Стругов тут же выругал себя – вот, не удержался, чтобы не прочитать мораль. Это же не самое лучшее – читать мораль, считал он, нет, не самое... От собственного брюзжания ему вдруг сделалось еще неуютнее: неужели стареем? Ведь брюзжание – верный признак старости? Или нет? Стругов крякнул с досады, вытащил из заднего кармана брюк носовой платок и, крепко вдавливая ткань в кожу, вытер лицо, шею. Потом рывком поднялся, быстро спустился по узким ступенькам на поле. Внизу в вольной позе стоял Пермяков и, держа Гупало за клапан куртки, бормотал ни к селу ни к городу:

– Что Гупало, что пропало.
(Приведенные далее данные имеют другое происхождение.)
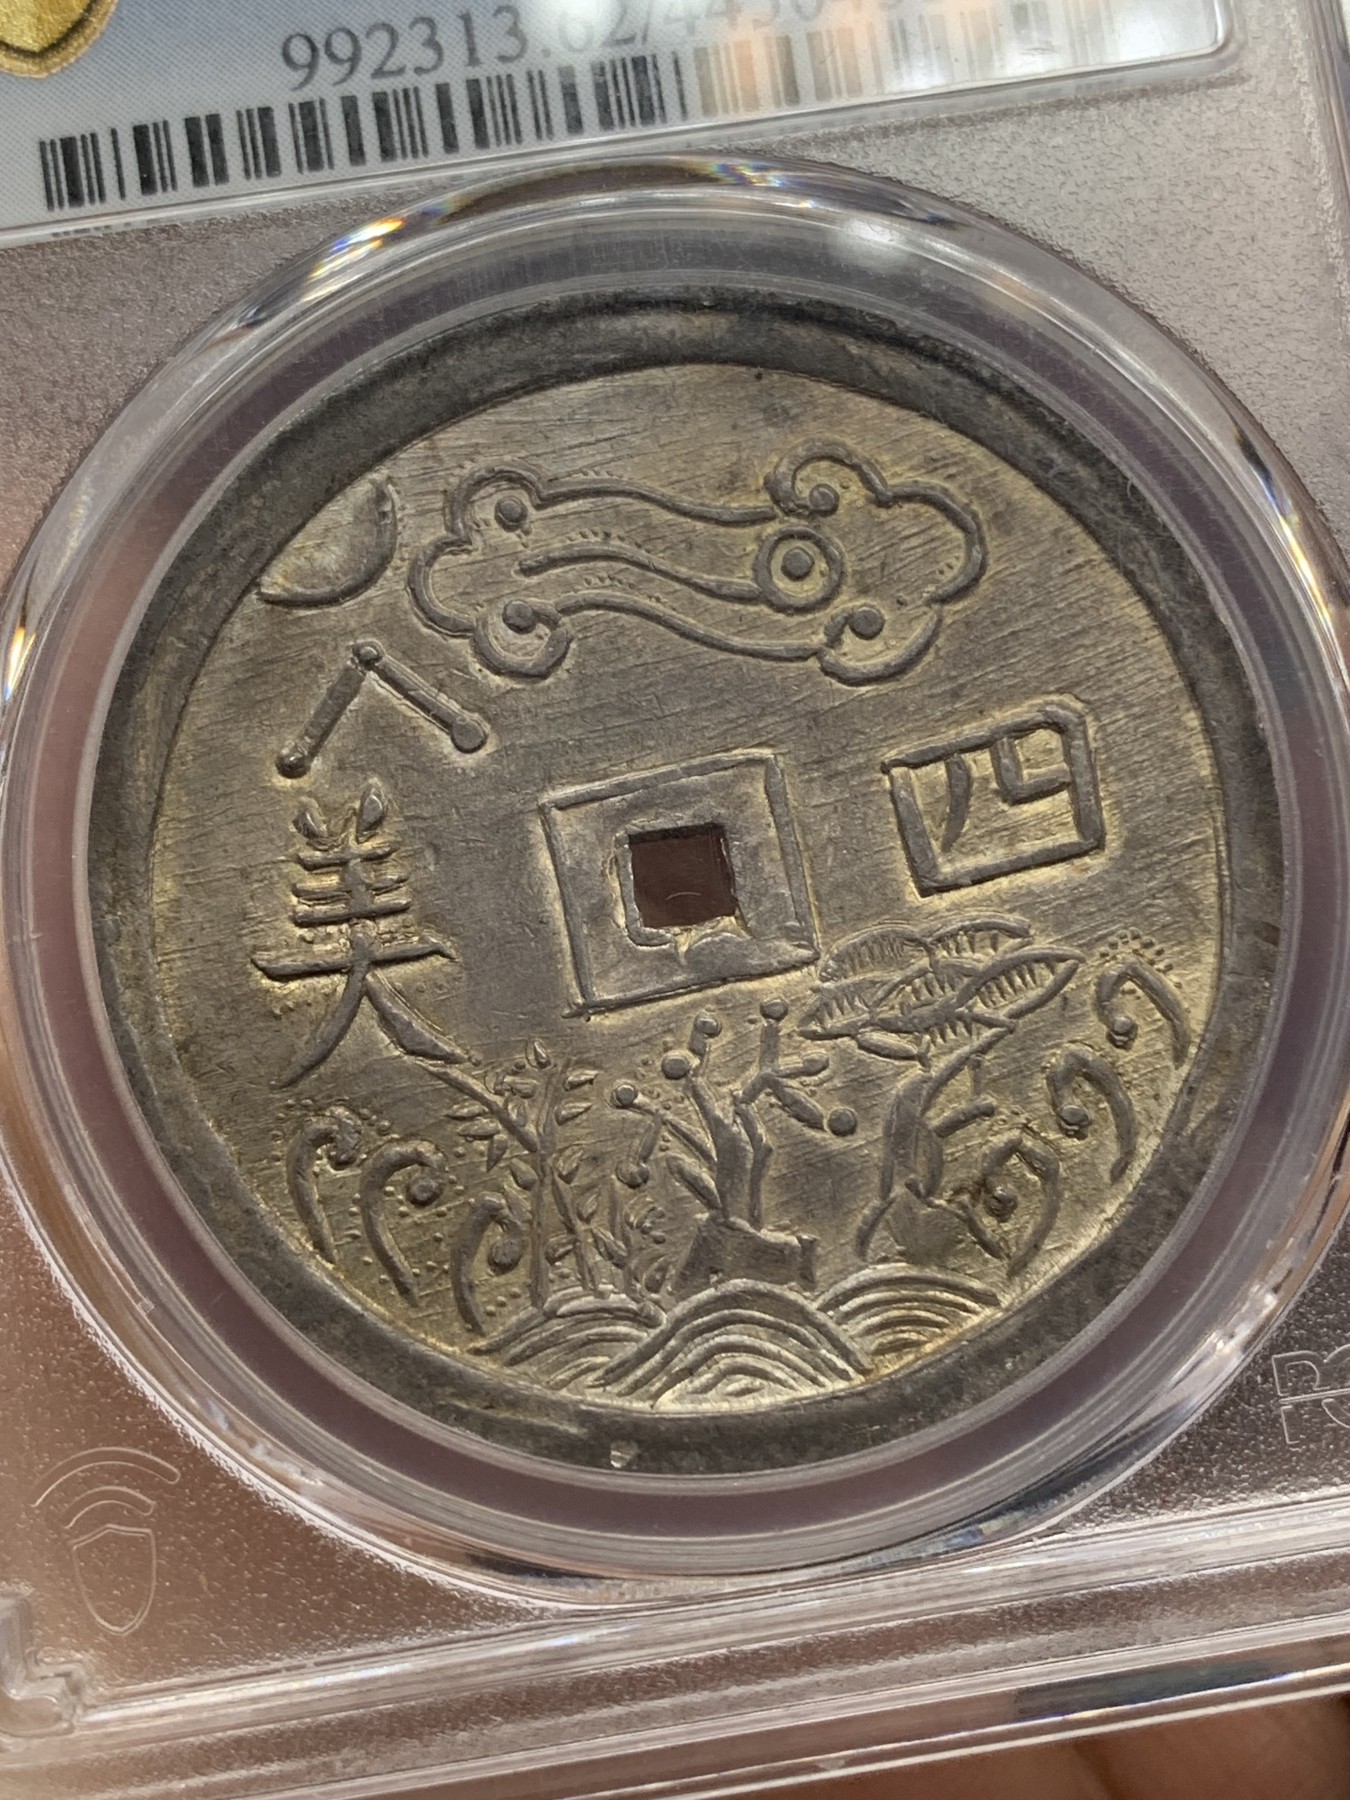 亚军分 PCGS MS62 安南 1848-83 嗣徳通宝 四美方孔银钱 深包浆带点金 藏家品质 正反全深打 画面居中 这些都是安南钱币里难得的状态

Что Гупало, то пропало...

Следом за Струговым из трюма выпрыгнул сеттер и крупными, стелющимися прыжками понесся к кольцевой ограде стадиона, вдоль которой стояли люди – ожидали вестей с дальних рыбацких станов, с охотничьих заимок, переживали: ведь на станах была родня, были друзья, были просто добрые знакомые.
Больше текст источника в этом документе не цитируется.